Parents and caregivers have a responsibility to promote change in their children. They have an immediate impact on shaping their child’s early food environments, attitudes on nutritional information and eating behaviours such as appropriate portion sizes (Anzman, 2010).
The global epidemic of childhood obesity is a modern health concern. Research discussed above suggests that childhood obesity is multi-faceted and has numerous and complex variables. One research paper highlighted that some people are possibly just predisposed to be overweight (Hinney, 2010), but with such a rapid increase in those affected by childhood obesity, the lifestyle choices and environmental factors are the more relevant contributors to the problem. People living in a modern day ‘obesogenic’ environment that nurtures weight gain is a considerable problem.

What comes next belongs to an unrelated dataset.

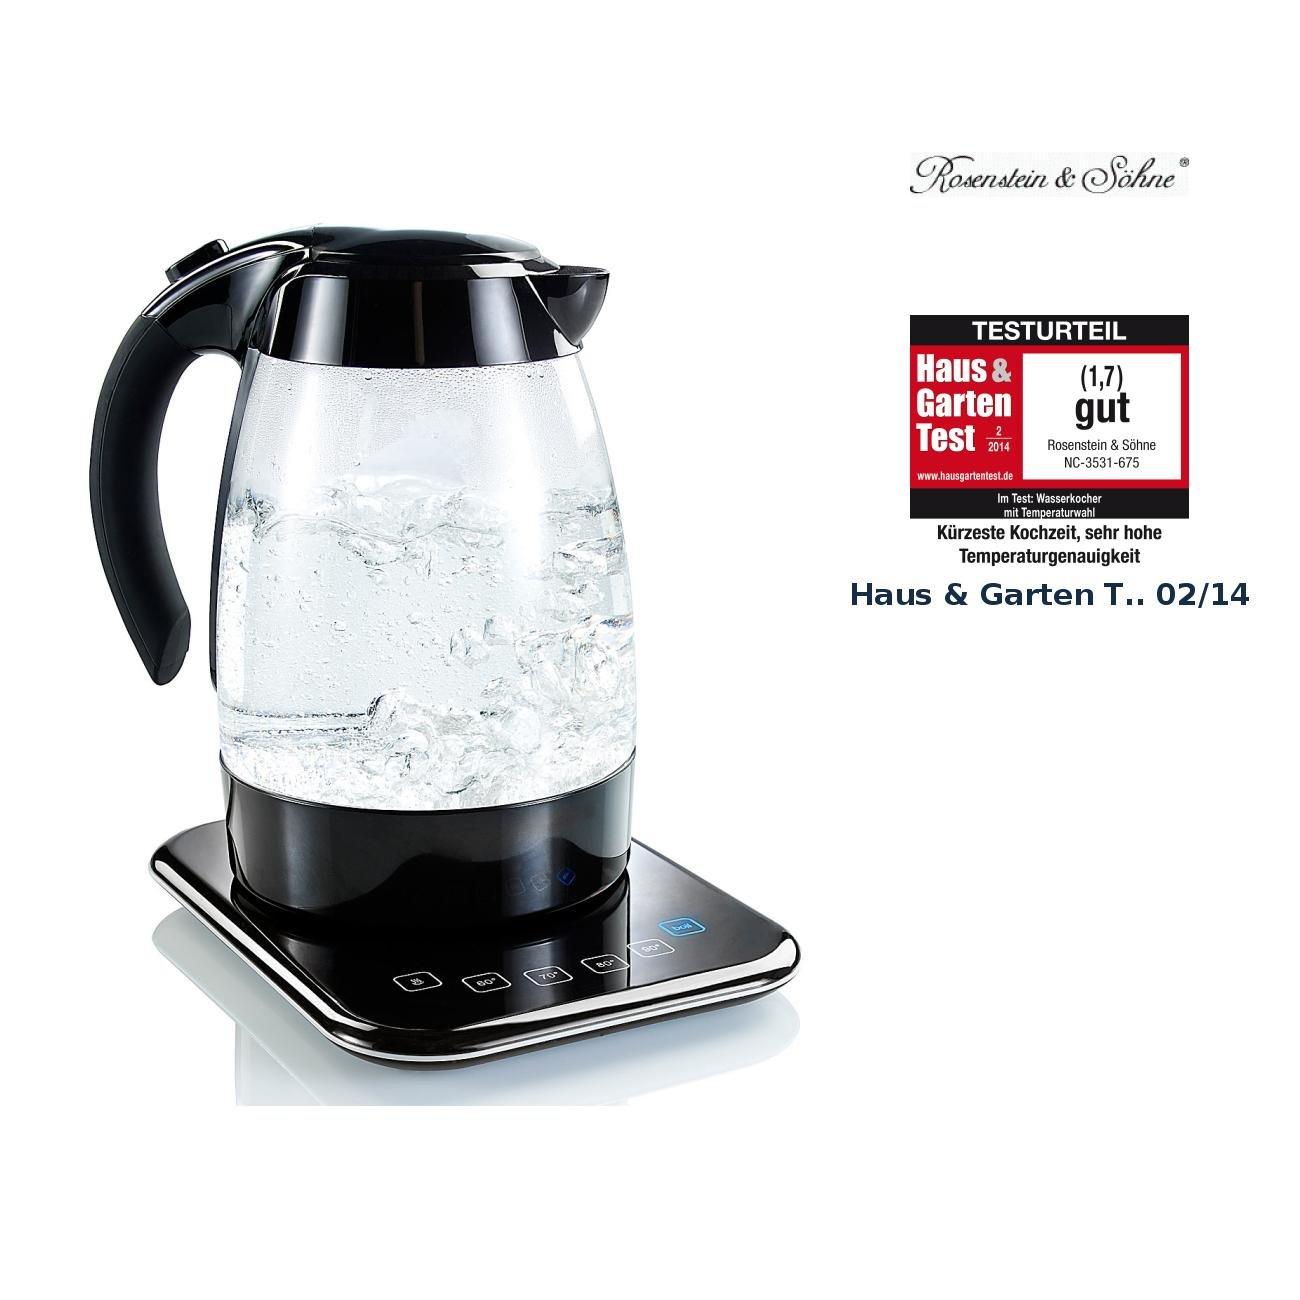 Rosenstein Sohne Wasserkocher Thermostat Glas Wasserkocher Wsk 400 Tmp Mit Temperaturwahl Wasserkocher Mit Temperatur

Eating too much food, more time spent on sedentary activities, and a lack of health benefitting physical activities like sport, all invariably lead to weight gain. With more unique research proposals on the causes of childhood obesity being related to  socio-economic status, it could be argued that this problem is more than just genetic or diet related.

''At the moment we have a situation where we are sleepwalking into a condition that is killing between 5000 - 6000 people in Ireland every year'' (O'Shea, 2012).
Along with the stigma of carrying excess bodyweight, the health implications of being obese are paramount. In Ireland, 25% of three-year-olds are either overweight or obese. ''The younger you put it on, the bigger you can go'' (O'Shea, 2012). Children should not have to start out life already one step behind in terms of their health.

There are however ways of combatting these problems. By limiting the exposure of certain food advertising (Udell & Mehta, 2008), changing children’s behaviours and cognitions towards their current lifestyle (Stewart, 2008), increasing their time spent with physical activity (WHO, 2011), some simple diet changes (Carter, 2002), and nutritional education from  their primary caregivers (Anzman, 2010), the children and young adults affected by this current epidemic can start to look at its causes as possibly preventable and start to lose weight while adding longevity to their futures.

''We're dealing with the kids of 30 years ago, and we're dreading the kids of today in 30 years'' (O'Shea, 2012).